Directions: Give the data back exactly. Leave out any images.

Dataset extract:

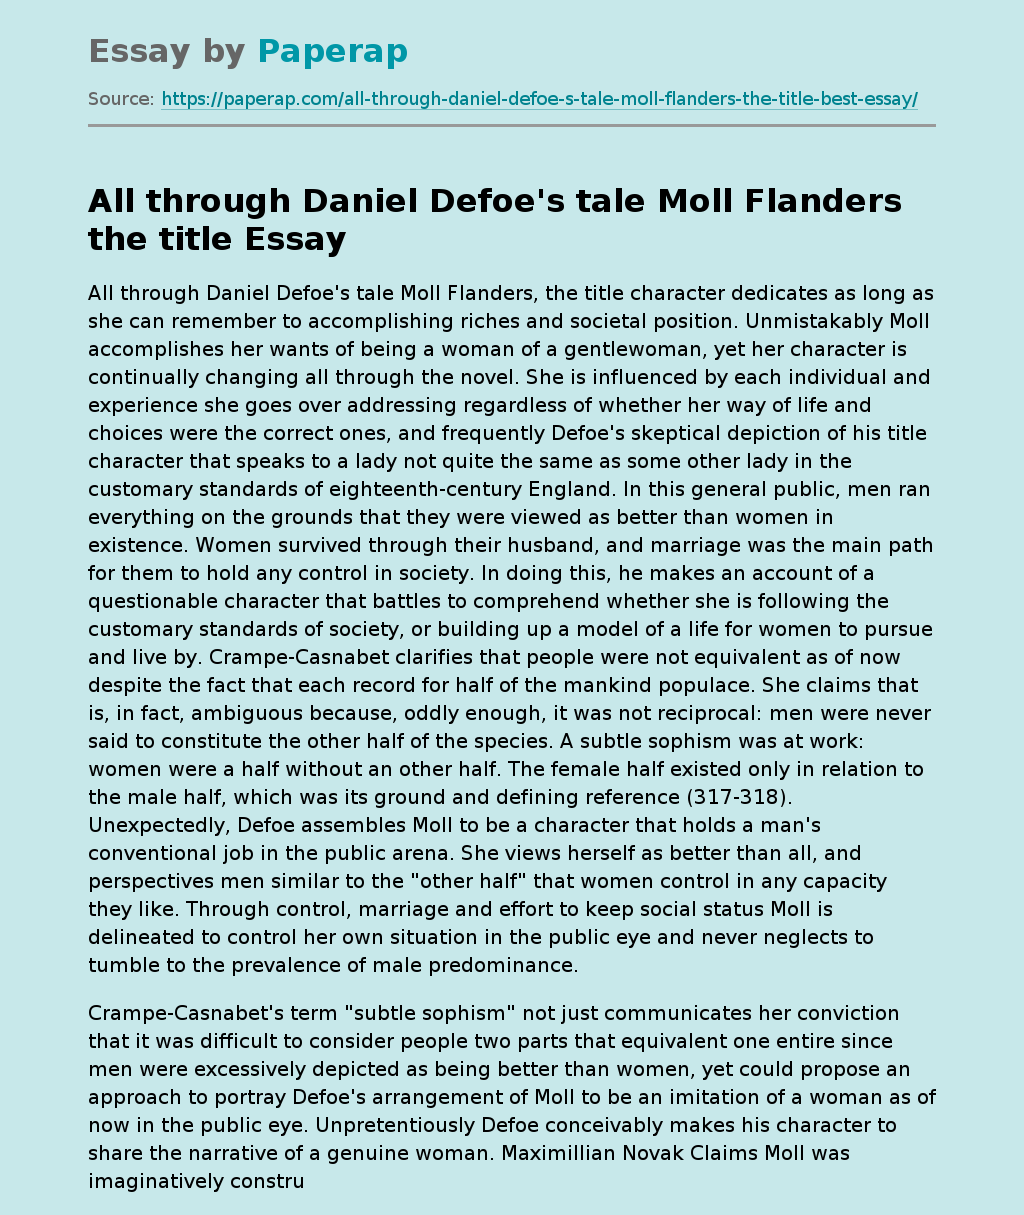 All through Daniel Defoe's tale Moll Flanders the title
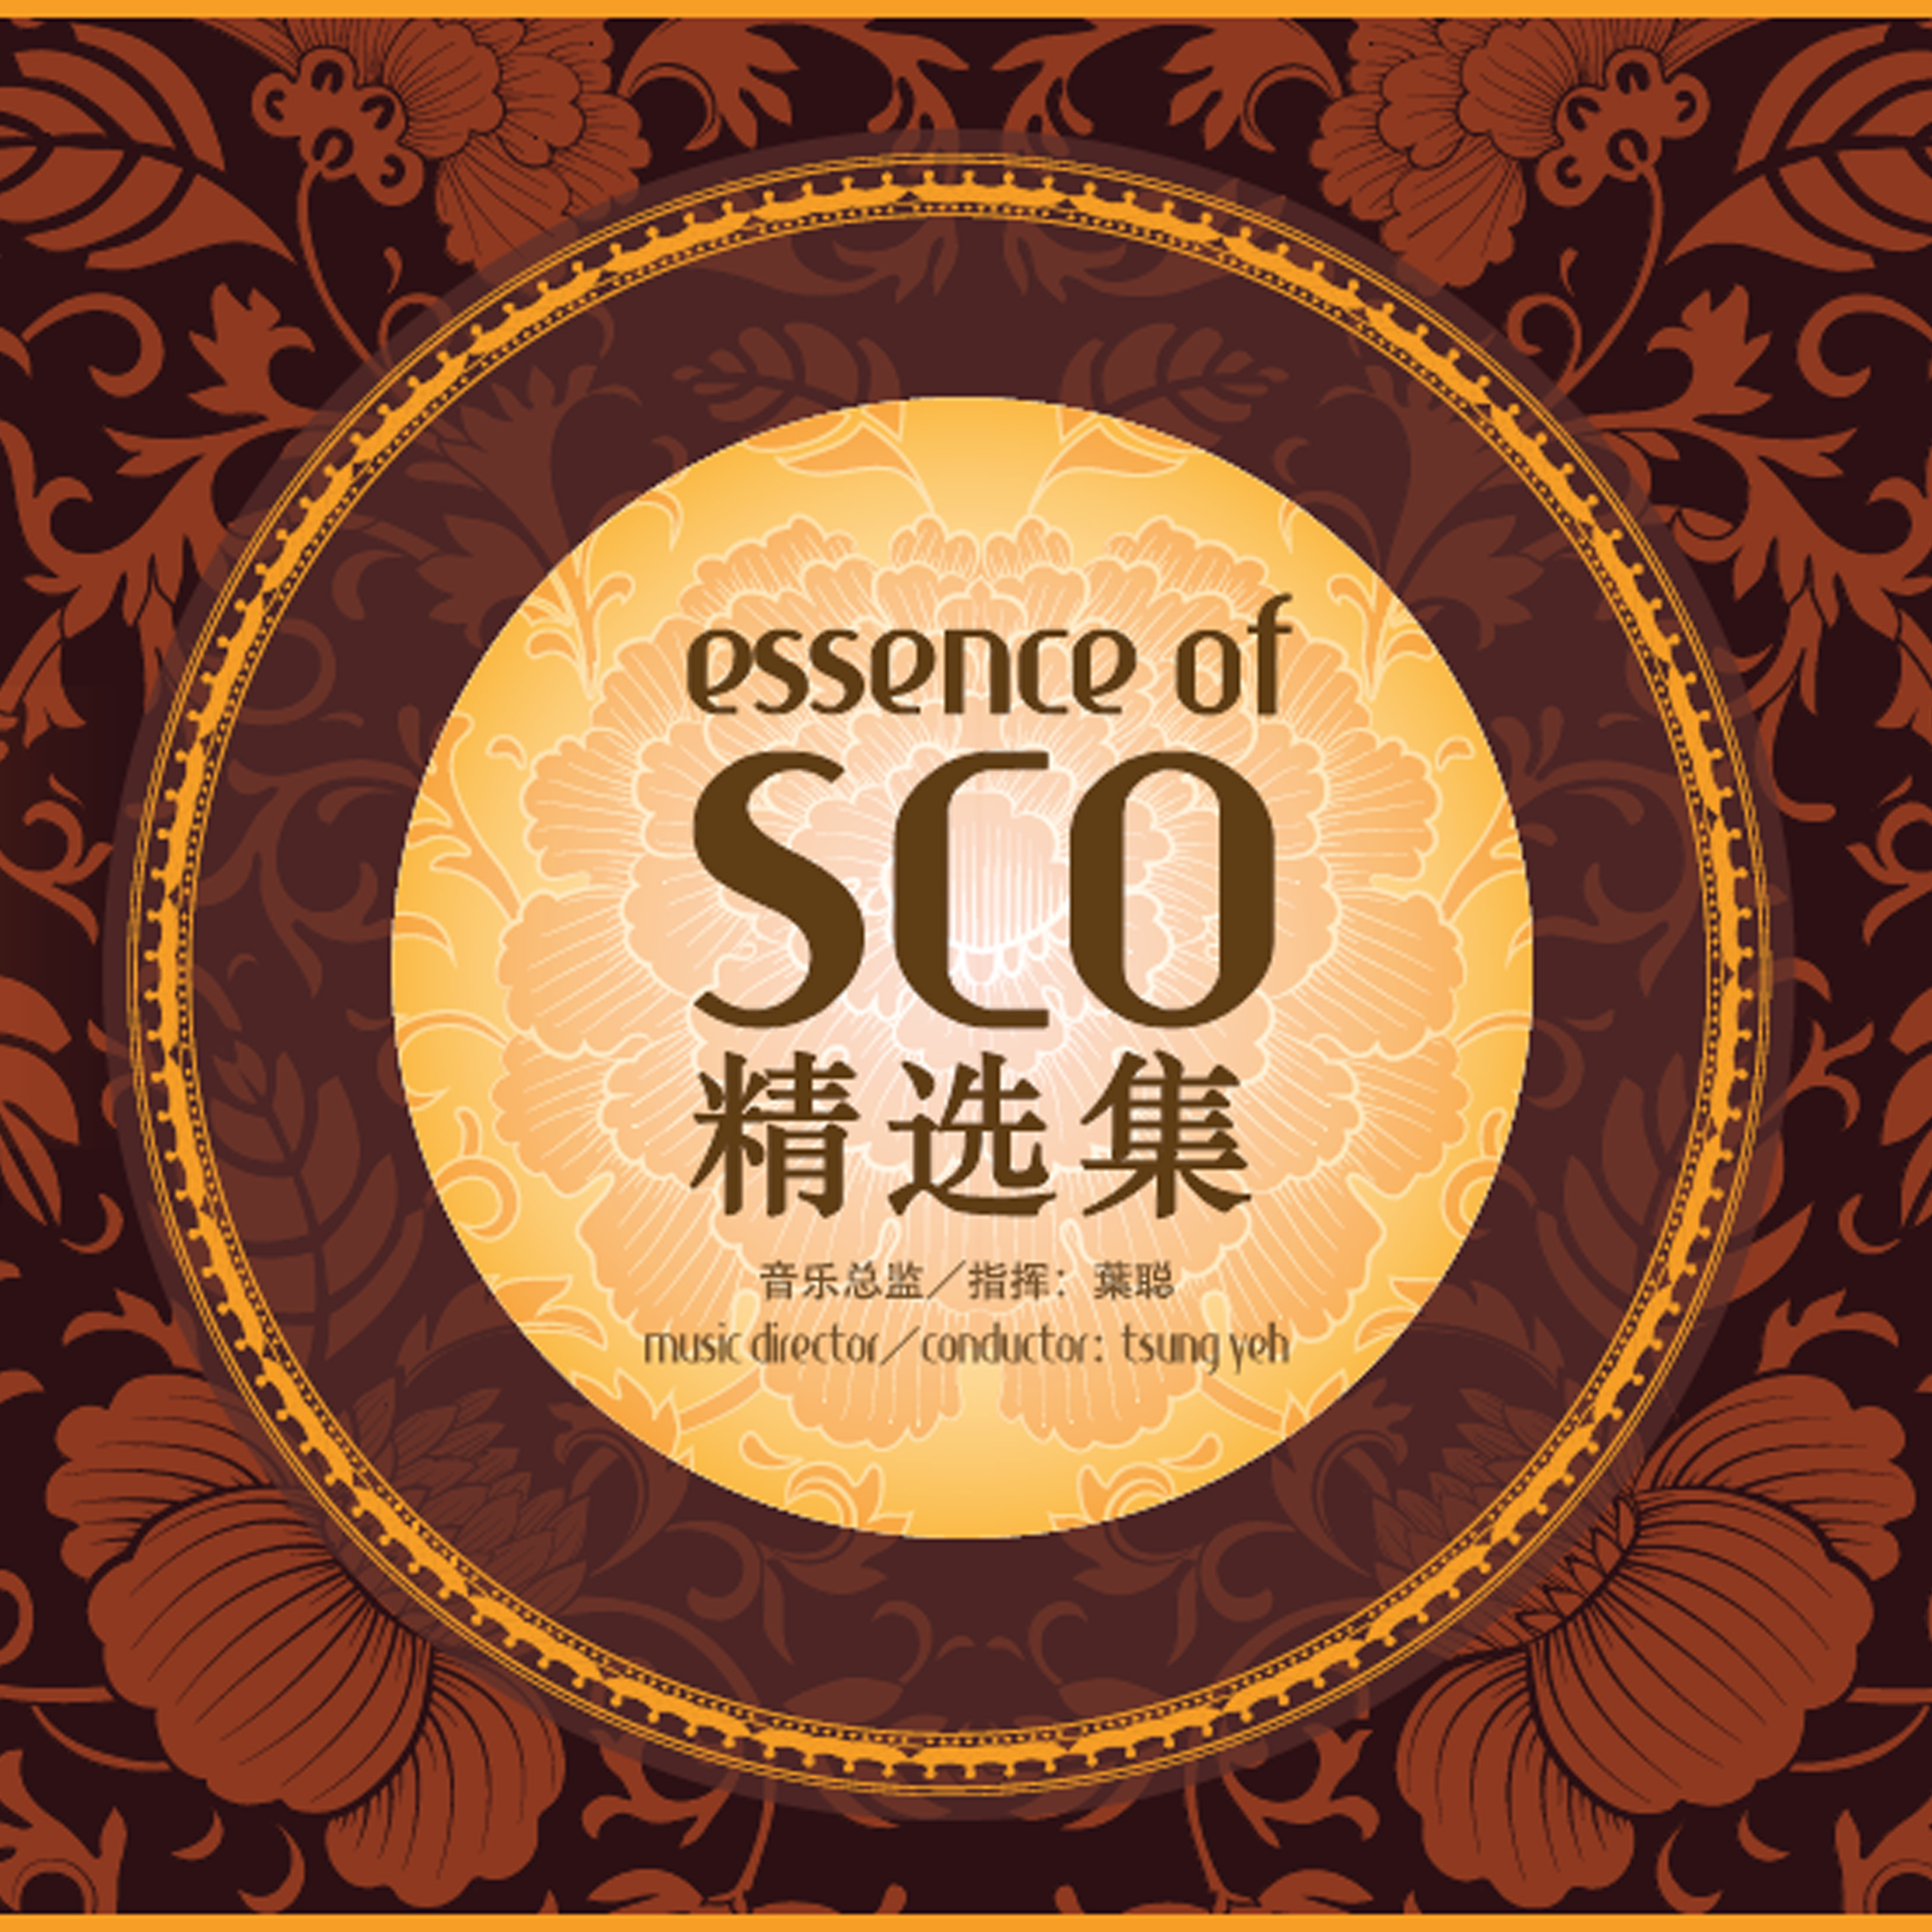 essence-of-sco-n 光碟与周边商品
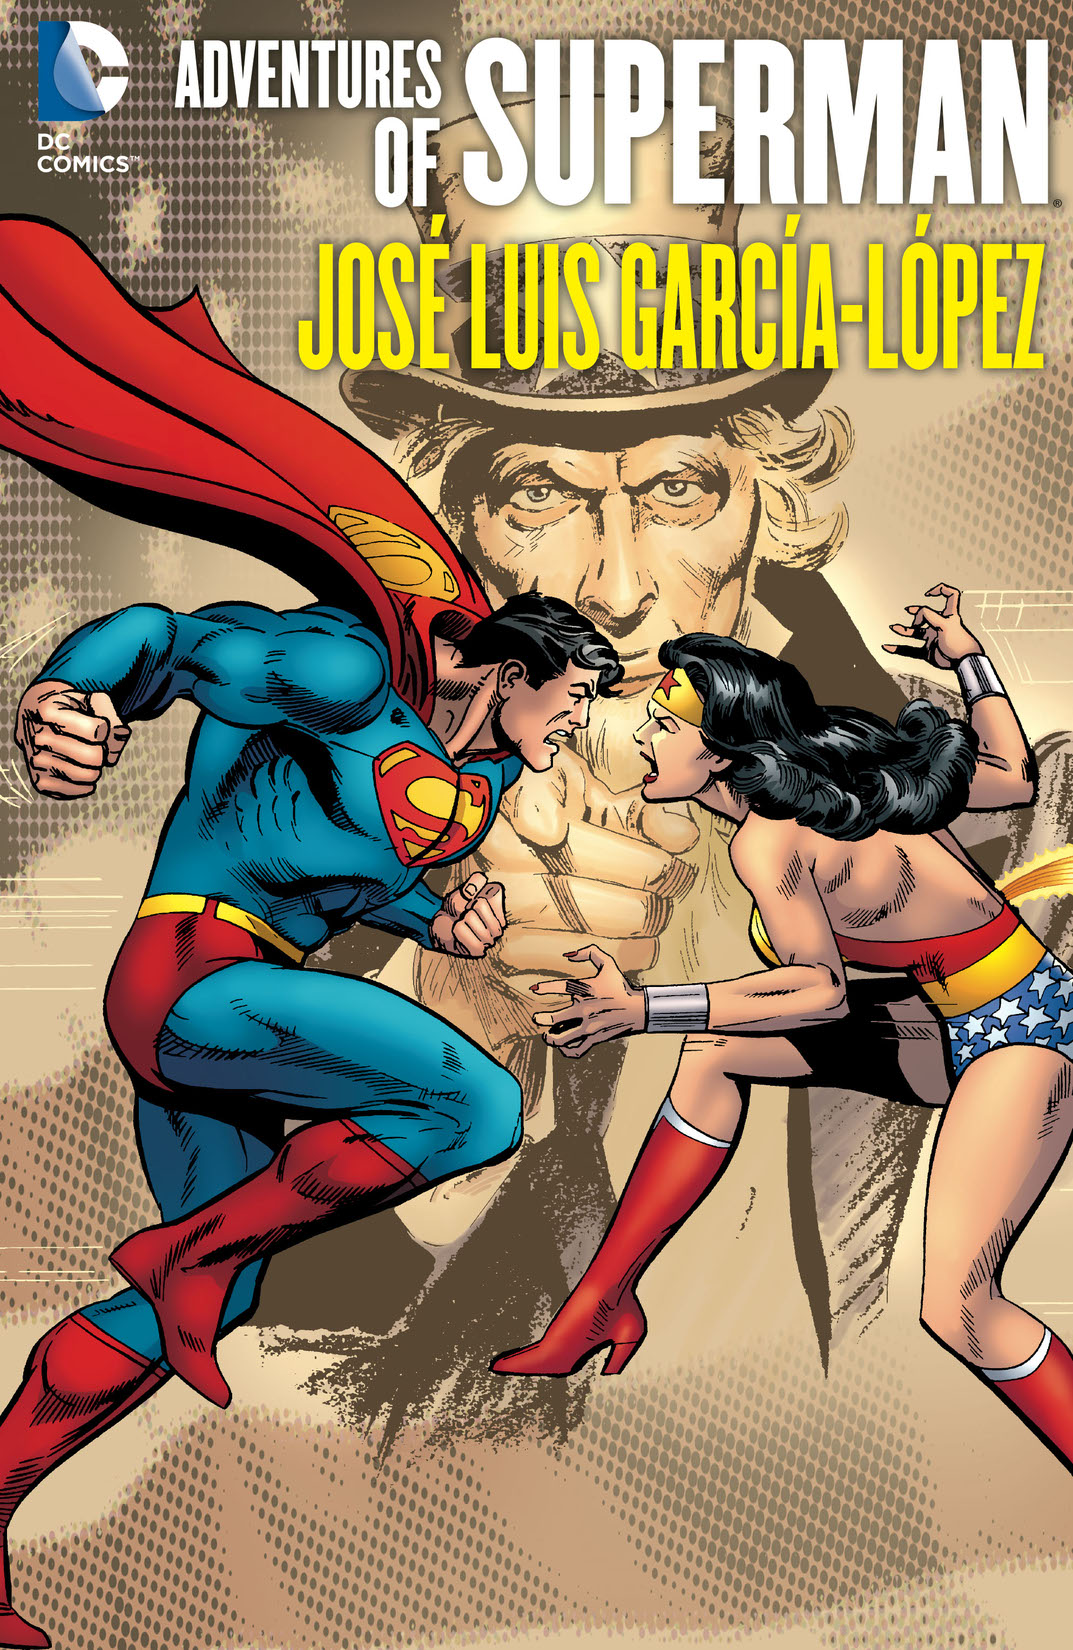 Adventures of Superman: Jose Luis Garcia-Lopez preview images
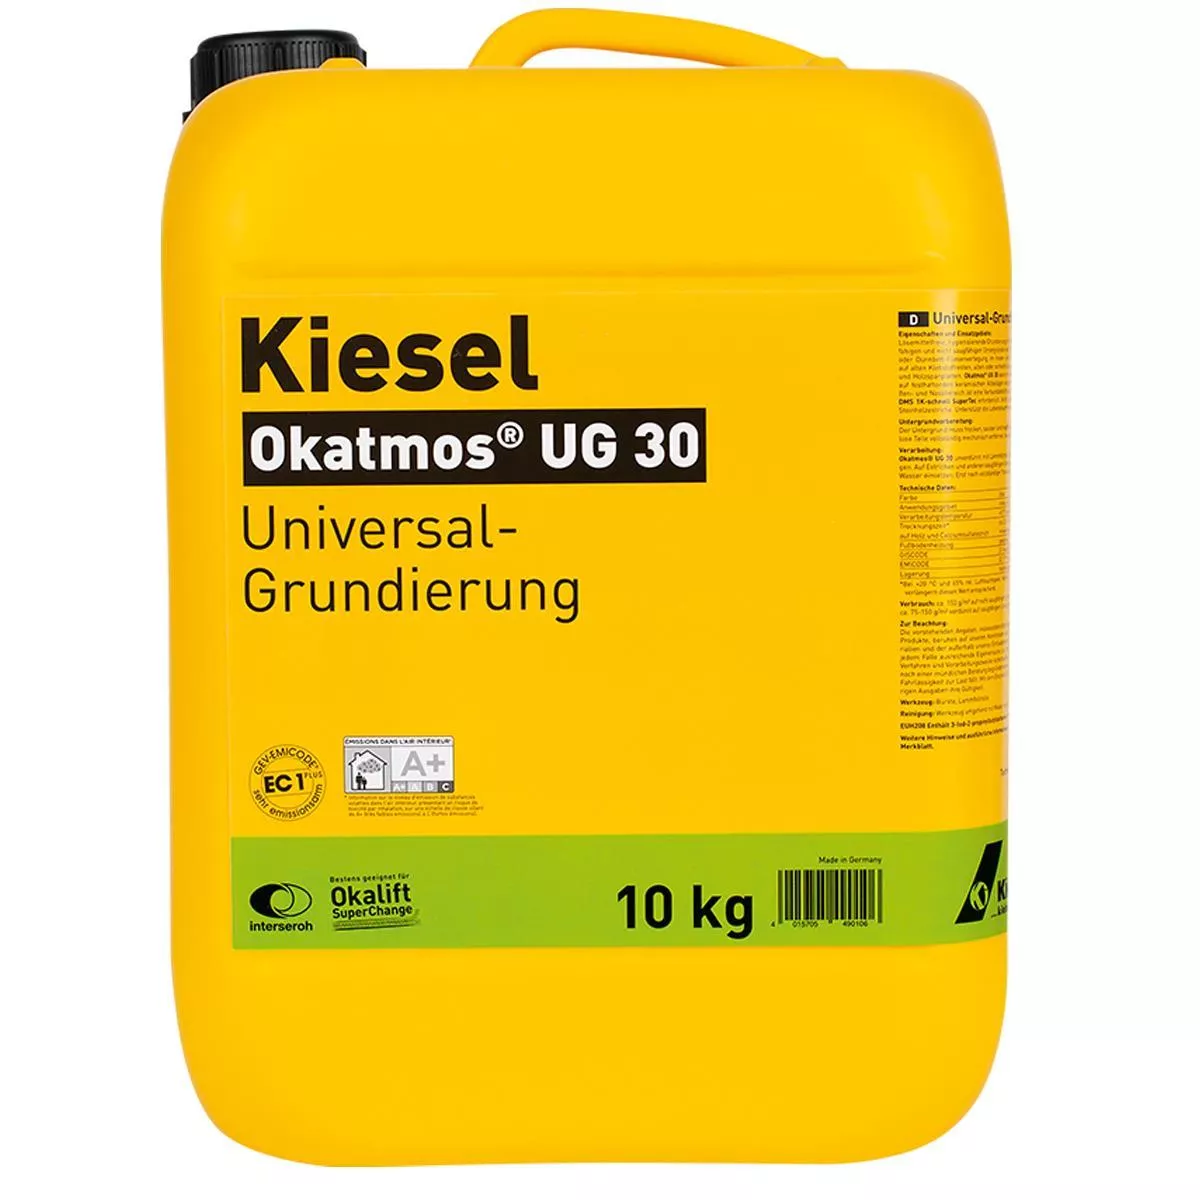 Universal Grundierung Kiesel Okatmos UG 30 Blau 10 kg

Written response:
 All through Daniel Defoe's tale Moll Flanders the title
 essence-of-sco-n 光碟与周边商品
 Adventures of Superman: Jose Luis Garcia-Lopez preview images
 Universal Grundierung Kiesel Okatmos UG 30 Blau 10 kg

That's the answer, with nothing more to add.